• _PROBLEM DESCRIPTION_
Every line of the material below needs to be copied exactly; omit the pictures.

• _DATA PROVIDED_
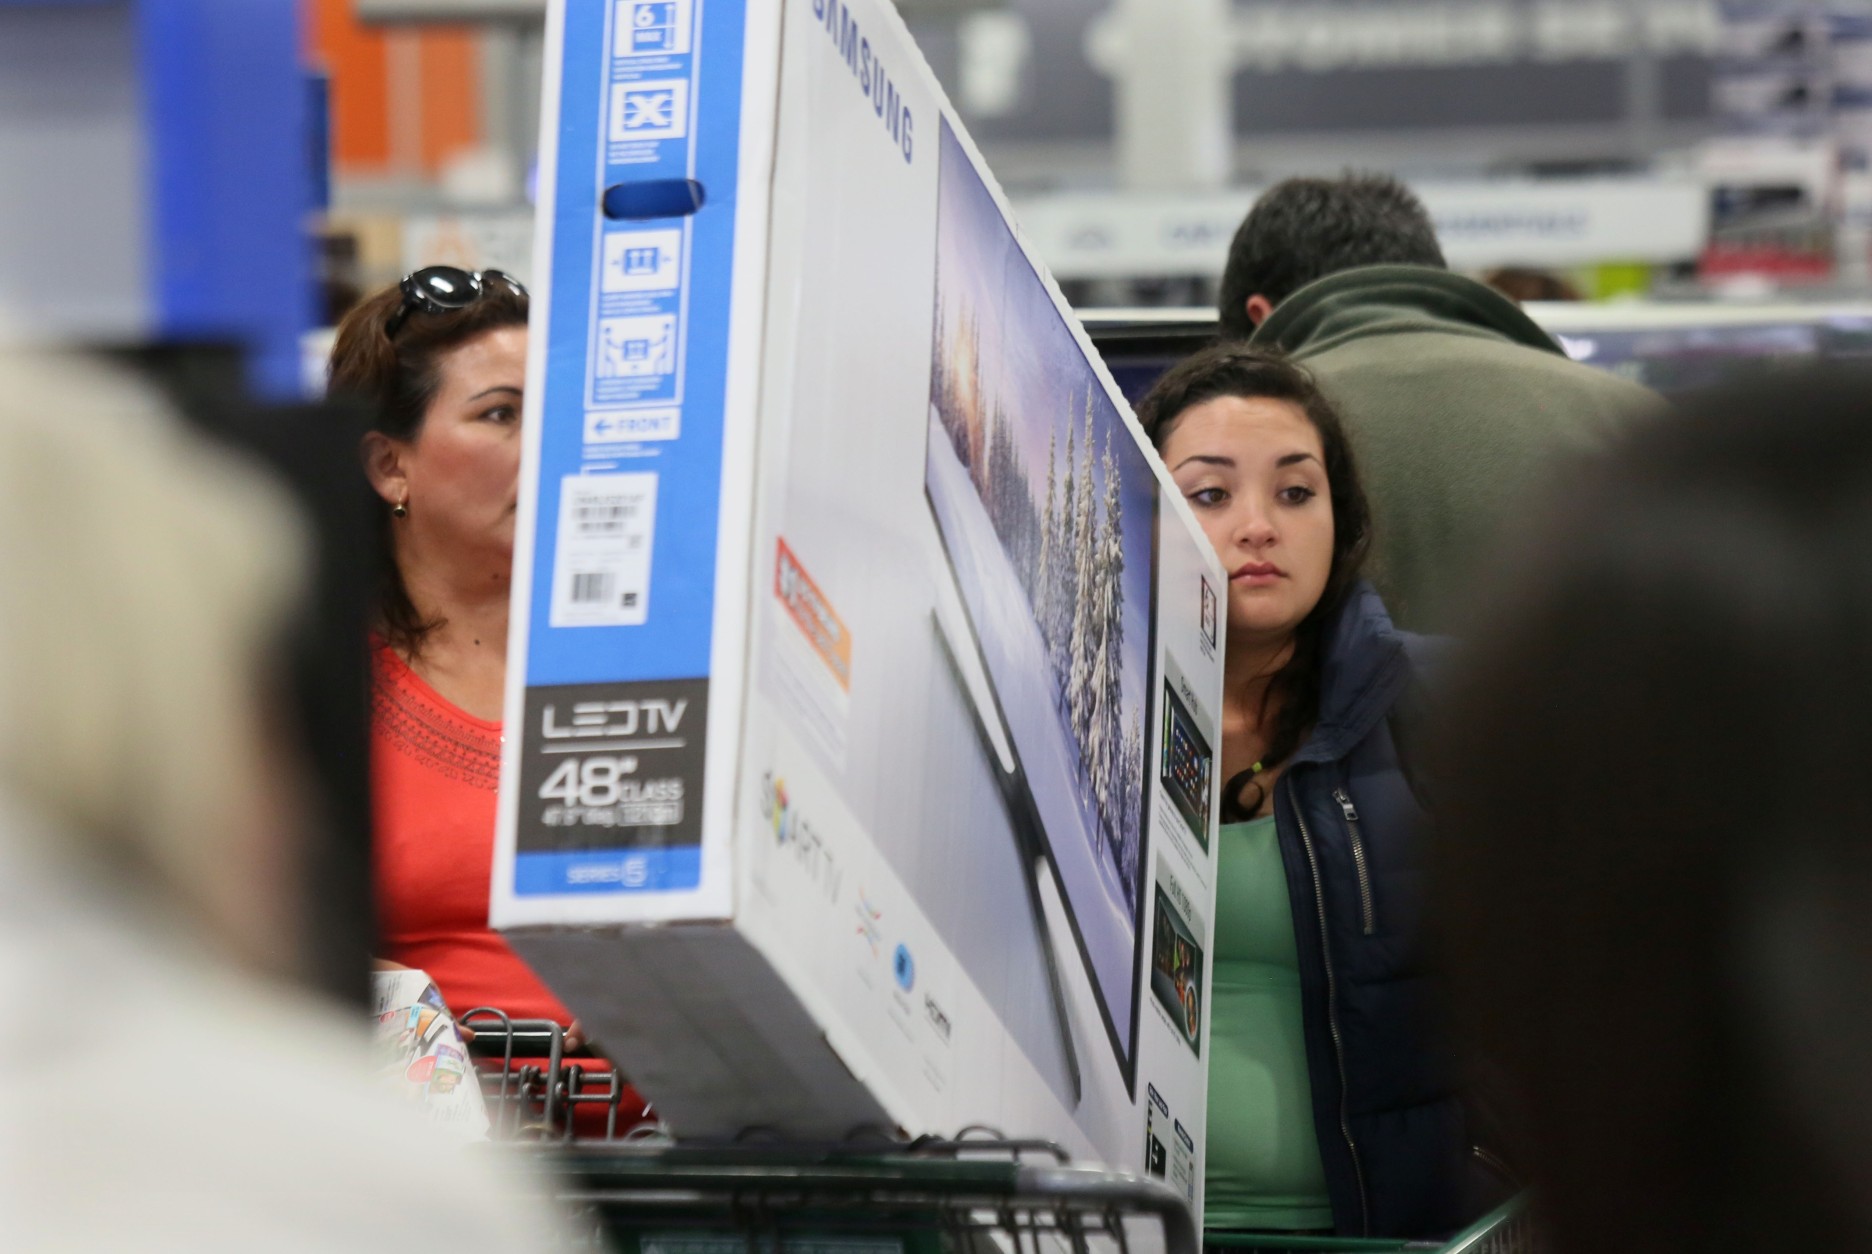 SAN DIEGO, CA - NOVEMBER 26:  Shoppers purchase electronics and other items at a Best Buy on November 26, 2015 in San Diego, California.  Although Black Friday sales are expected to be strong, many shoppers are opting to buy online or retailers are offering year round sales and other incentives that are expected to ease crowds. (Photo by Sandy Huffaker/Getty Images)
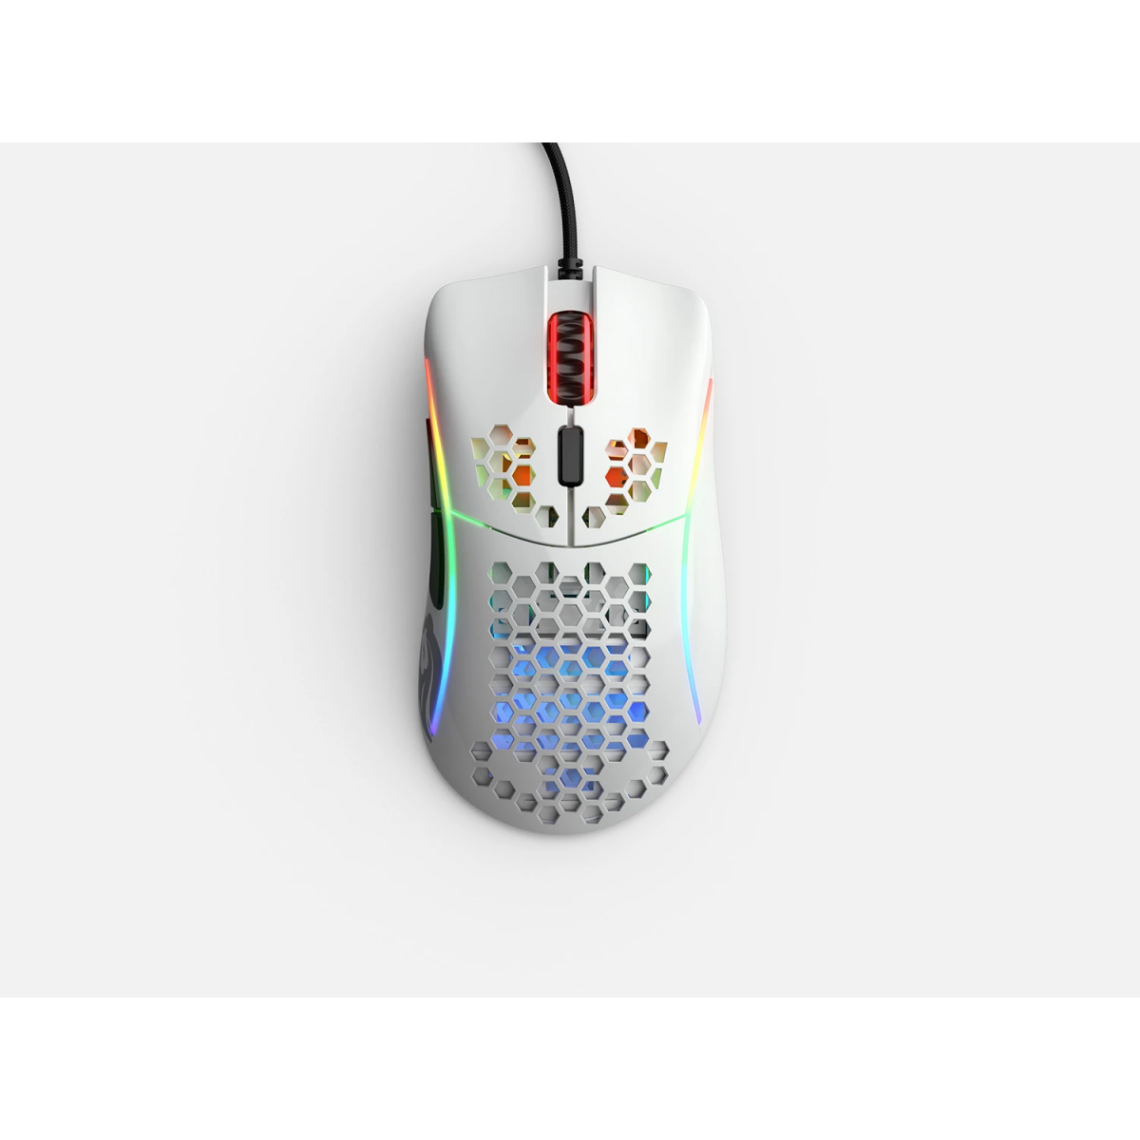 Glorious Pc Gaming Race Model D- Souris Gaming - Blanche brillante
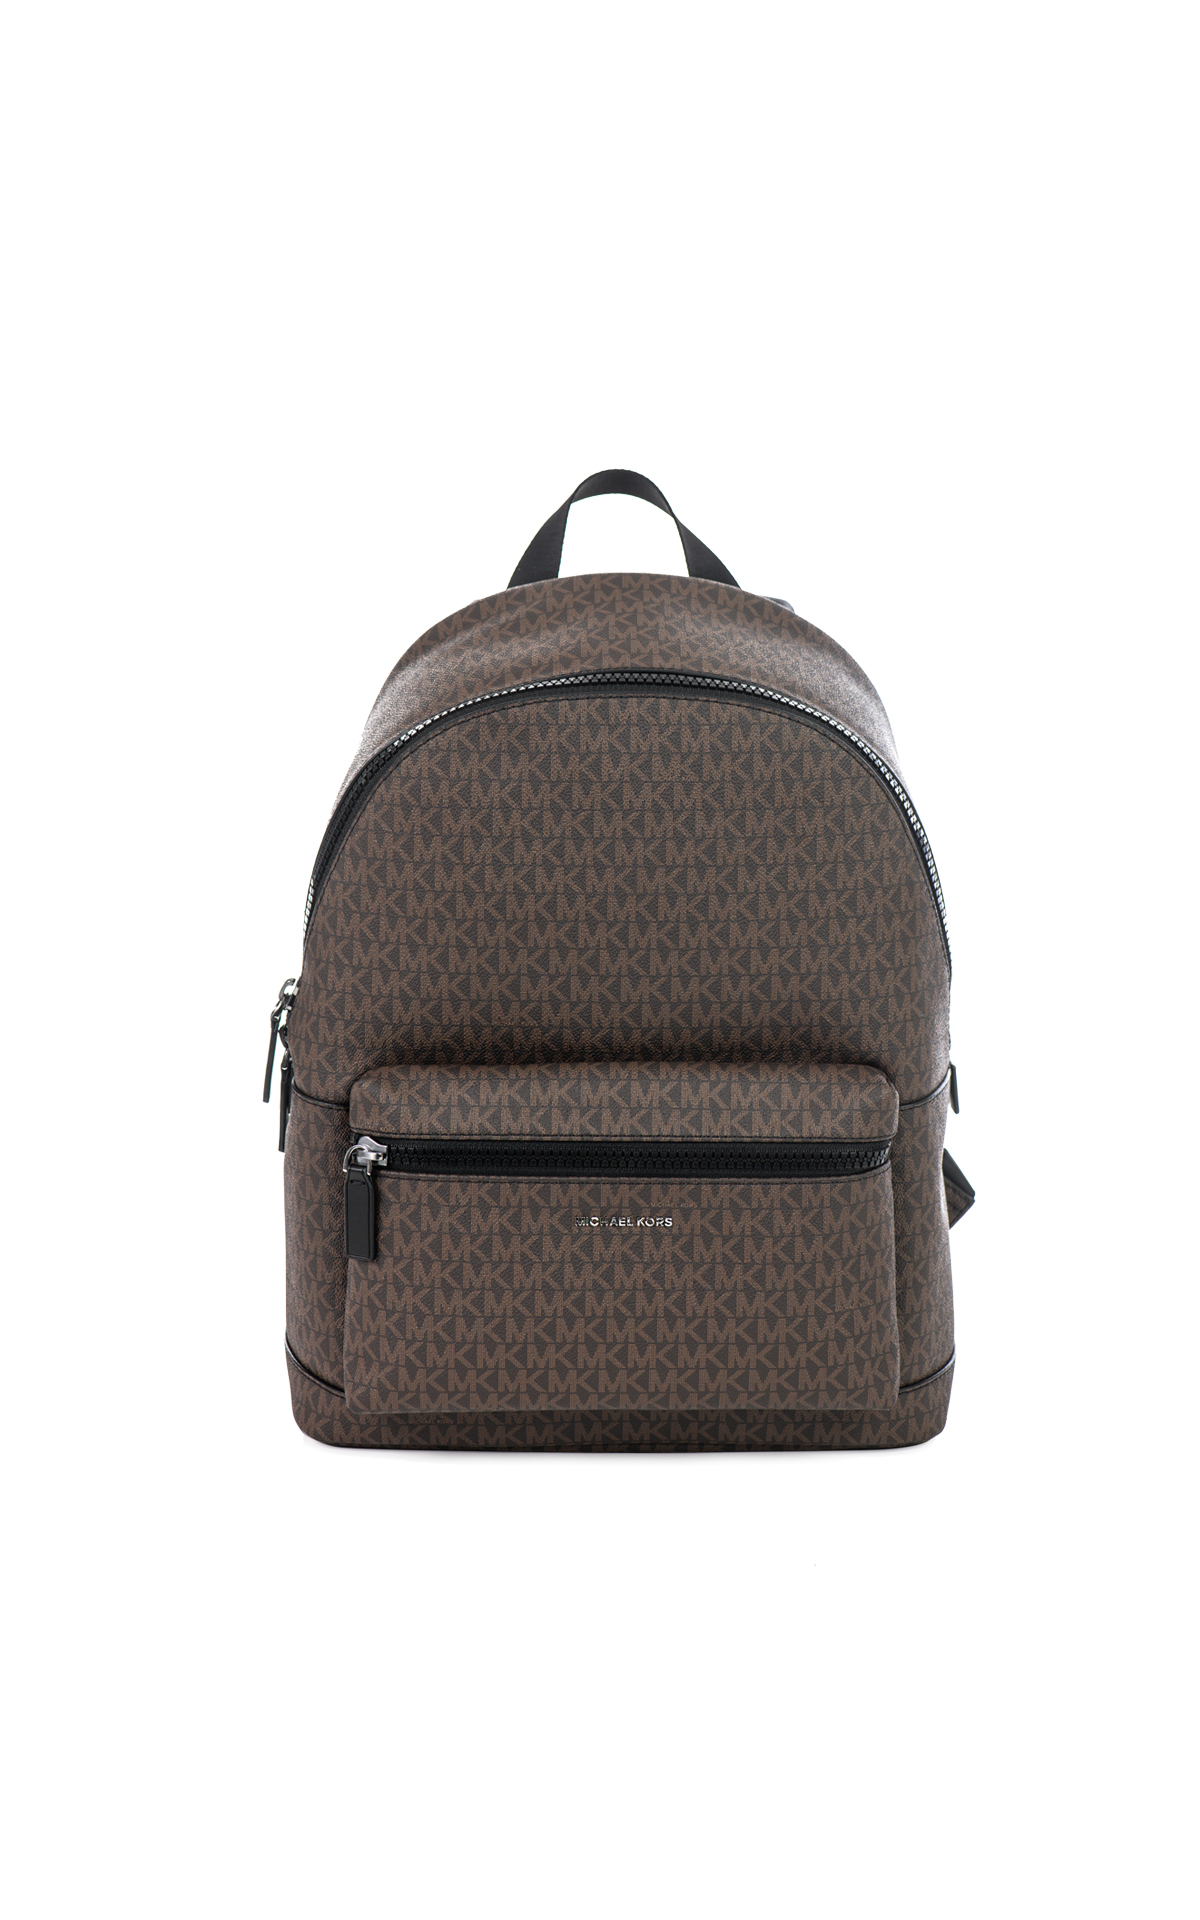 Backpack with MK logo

• _RESPONSE TO THE TASK_
 SAN DIEGO, CA - NOVEMBER 26:  Shoppers purchase electronics and other items at a Best Buy on November 26, 2015 in San Diego, California.  Although Black Friday sales are expected to be strong, many shoppers are opting to buy online or retailers are offering year round sales and other incentives that are expected to ease crowds. (Photo by Sandy Huffaker/Getty Images)
 Glorious Pc Gaming Race Model D- Souris Gaming - Blanche brillante
 Backpack with MK logo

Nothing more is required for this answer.